Wenn Du jetzt nicht die Notbremse ziehst, entweder Deinen Ausbilder zu überzeugen, Dich endlich richtig auszubilden oder aber den Betrieb zu wechseln, hast Du ein ganz dickes Problem! Brav warten und auf ein Wunder hoffen, wird nicht funktionieren!
Ich rate Dir zu folgendem:
1. Alle Arbeitszeiten und alle Tätigkeiten (Ausbildungen!?) dokumentieren! Schön brav in das Berichtsheft eintragen.
2. Sofort die Zuständige Stelle informieren und deutlich machen, dass DU nicht ausgebildet wirst und das DU sofortige Hilfe erwartest.
3.Sofort in die IG BAU eintreten und dort um Rechtsschutz bitten. Die beraten Dich dann über die Arbeitszeiten und Lohnnachforderungen sowie über die nicht erfolgte Ausbildung. DU kannst nämlich den Ausbilder für die nicht erfolgte Ausbildung schadenersatzpflichtig machen.
4. DU gehst ab sofort regelmäßig in die Schule. DU machst das einfach.

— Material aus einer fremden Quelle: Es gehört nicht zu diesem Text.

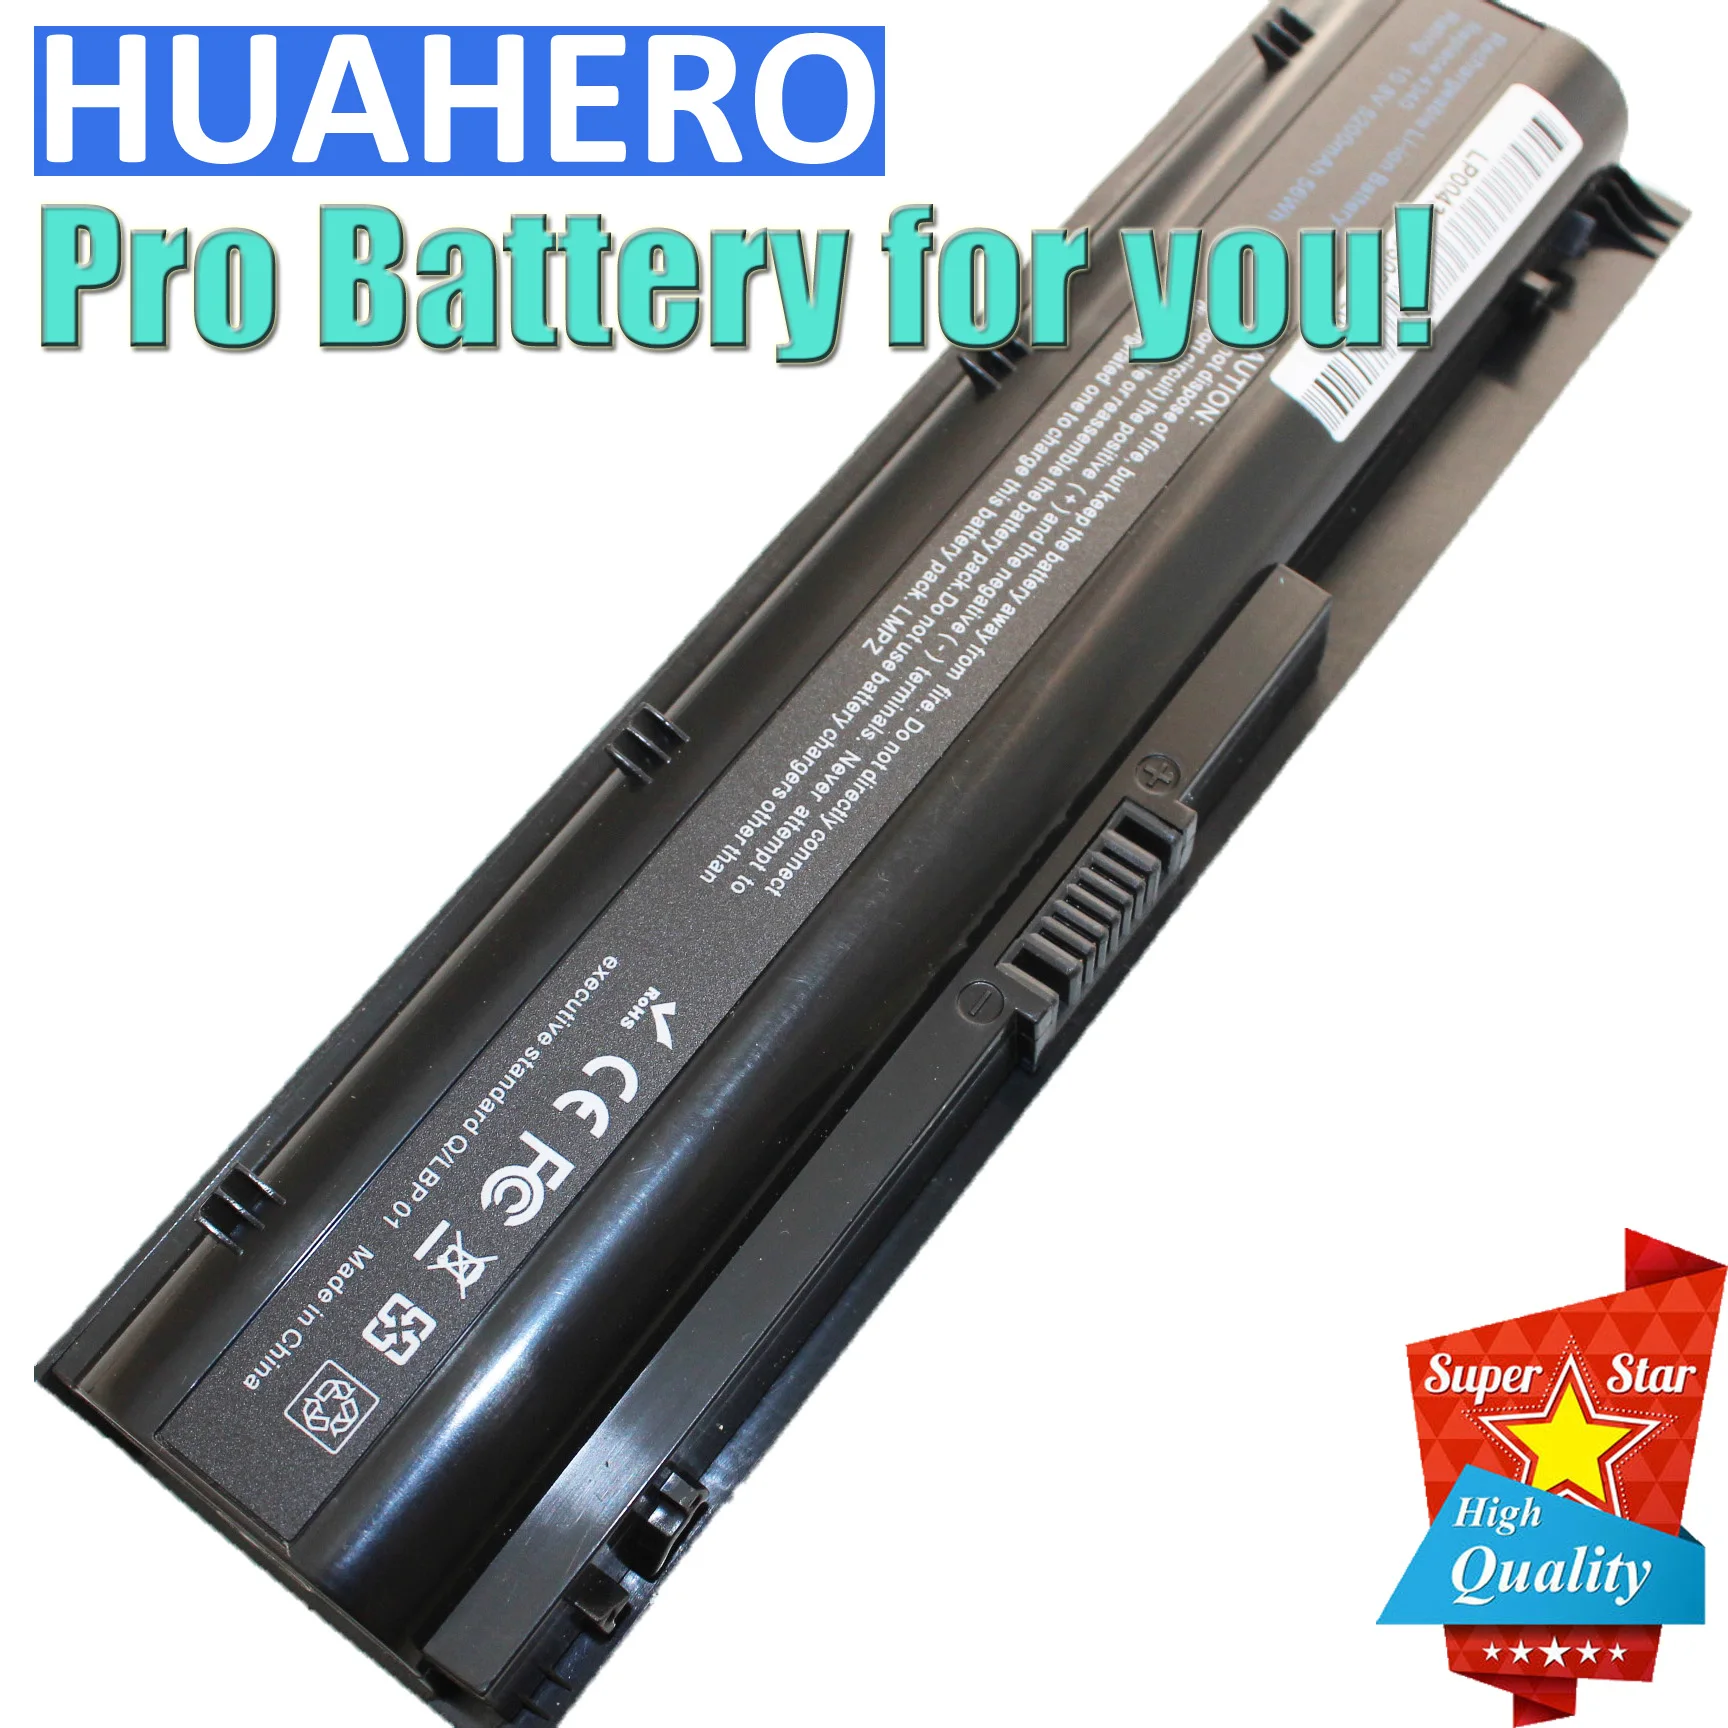 HUAHERO Baterija za HP ProBook 4340s ProBook 4341s RC06 RC06XL 668811-541 668811-851 669831-001 HSTNN-UB3K HSTNN-W84C HSTNN-YB3k

5. Versuche sofort einen neuen Ausbildungsbetrieb zu finden. Bei den Ausbildungsverstößen kündigst Du ohne jede Vorwarnung, falls Du die neue Ausbildungsstelle hast. In die Kündigung schreibst Du einfach: Begründung:
- Verbot die Berufsschule zu besuchen,
- mangelnde Ausbildung nach Verordnung zum Beruf Pferdewirt,
- Verstoß gegen Arbeitszeitgesetz
- Kein Freizeitausgleich bzw. Bezahlung der Überstunden
- Kostenforderung zur Abschlussprüfung
Dein Chef hat keine Chance, sich gegen diese Kündigung zu wehren und auch die Zuständige Stelle muss den Wechsel so akzeptieren.
Das hätte ich meiner Tochter gesagt, jetzt kannst Du Dir überlegen, ob die Tipps gut oder schlecht sind. Eines ist aber sicher, wenn da nichts passiert, dann gibt es Tränen bei der Abschlussprüfung! Und ohne Konflikt wird es nicht gehen, Deine Situation zu verbessern. Nicht nur beim Reiten braucht man/frau Rückgrad, auch im Umgang mit „Ausbildern“. Ich jedenfalls drücke Dir die Daumen, dass Du die richtigen Entscheidungen triffst.